Wow. Reading the majority of posts, I feel quite lucky. The current man in my life often asks to go down on me or fuck even if I'm on my period. Of course, his tongue only gets near there if there's a tampon safely in place and I've just had a shower. It's nice to know that there's someone out there who wants me so badly that the idea of getting his redwings doesn't make him gag. I'm not super comfortable with the idea yet, so he's only down there for short spans of time before I make him stop. As for sex while on the rag, not really a problem. Although I usually stick to doing it on the first or last day. I've also never really had a problem with it looking like a chainsaw massacre after, but maybe that's because of when I've done it. Mostly, I think he's into it because I'm ridiculously horny when I'm on my period. As for me getting my redwings...hasn't happened yet, but who knows.
Exactly. Since when is it a thing of wonder to bang when a girl is on her period? I never mind and am all for having sex during that week if the guy is into it. I'm usually way hornier around that time so it's really win-win.
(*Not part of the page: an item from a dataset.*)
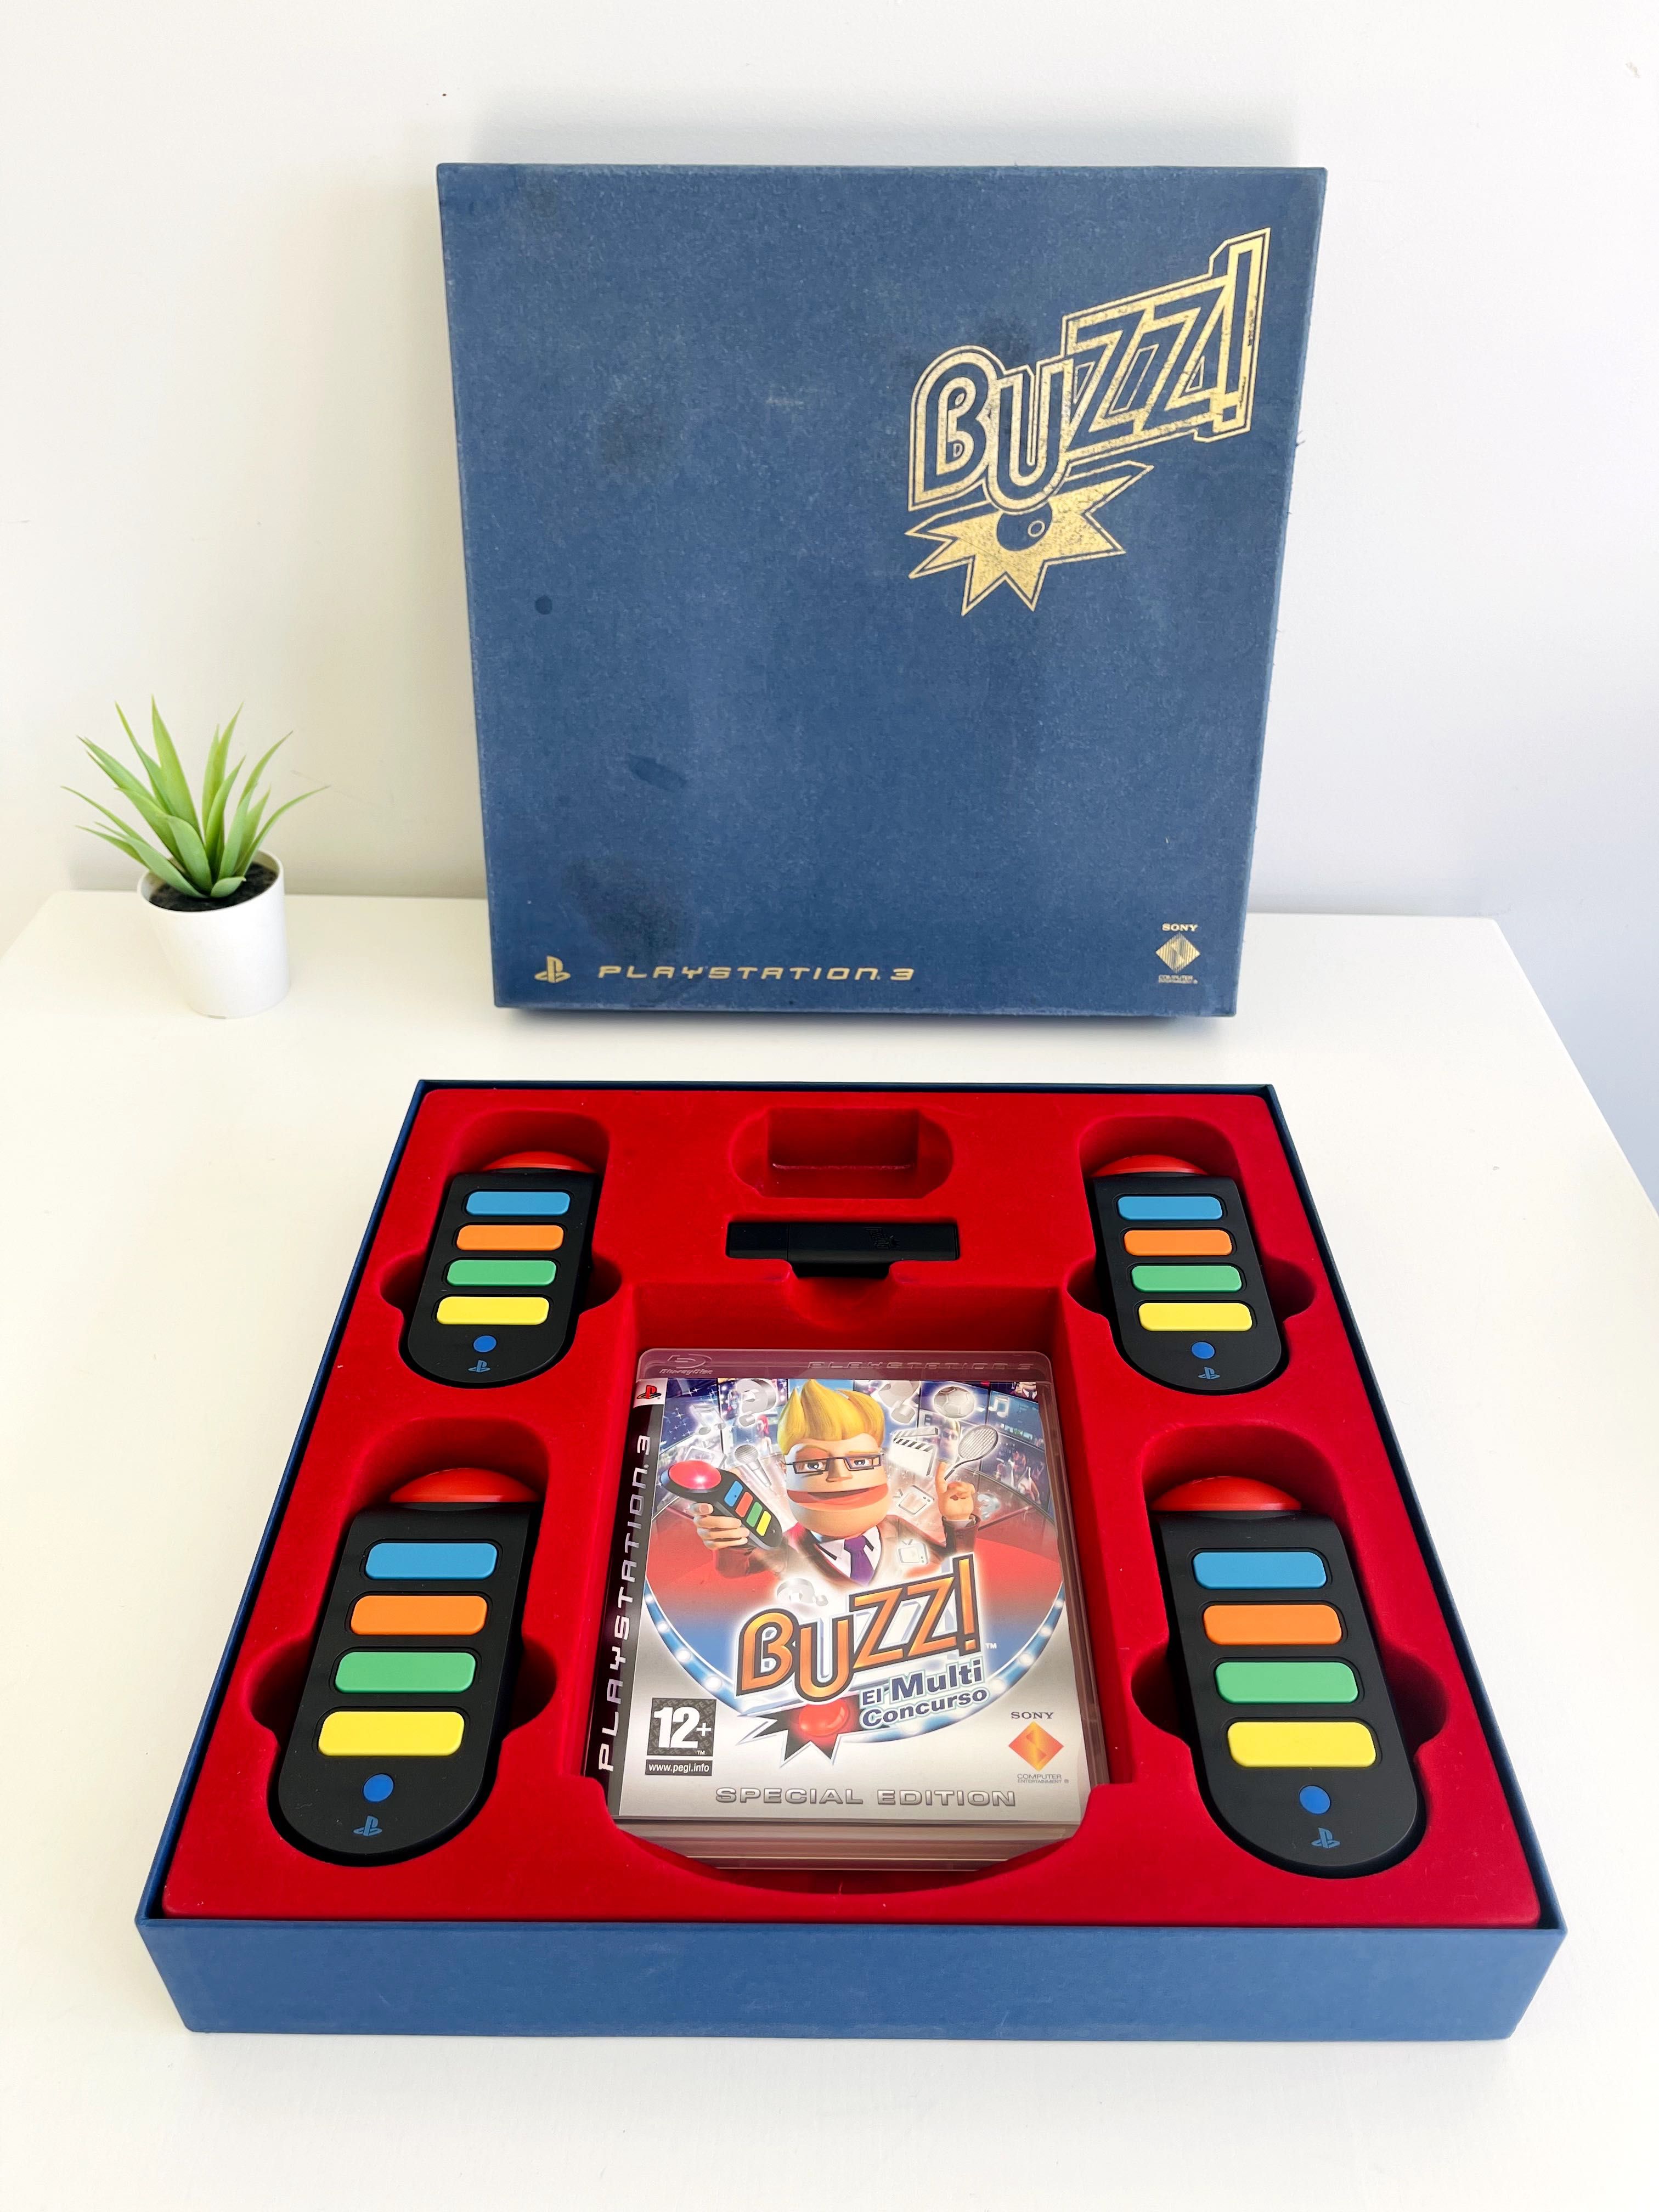 Pack Campainhas Buzz PS3 - com caixa

Plus, for those of us who have been on the pill forever, we're really talking about a minor amount of, ahem, extra lubrication. Thank you, synthetic hormones for that gift. Anyway, what better excuse for round two in the shower? Doesn't everyone love shower sex? As for earning true red wings, um, I don't think so. Usually, I'm on the page of "well, if that's what he wants to do, so be it," but in this case I'd have to draw the line. To enjoy a guy going down on me, there has to be a certain comfort level and there's no way I'd be able to get the constant recorded track, "what is he thinking...am I ok?...is he really ok with this" out of my head enough to relax no less enjoy. Truthfully, it comes down to a choice between oral and kissing because there is no way I'm kissing after that. Kissing is my favorite part of the whole process. THAT is just one thing I do not ever want to taste. Ever. Ugh.
Are you really that proud of yours? I mean, it's not something that most folks go out of their way to achieve, and the ones that do usually keep it on the down-low for good and obvious reasons. I mean, everyone loves a "war story", but I'd prefer the blood in any of my stories to be from that of my opponents, not from my conquests.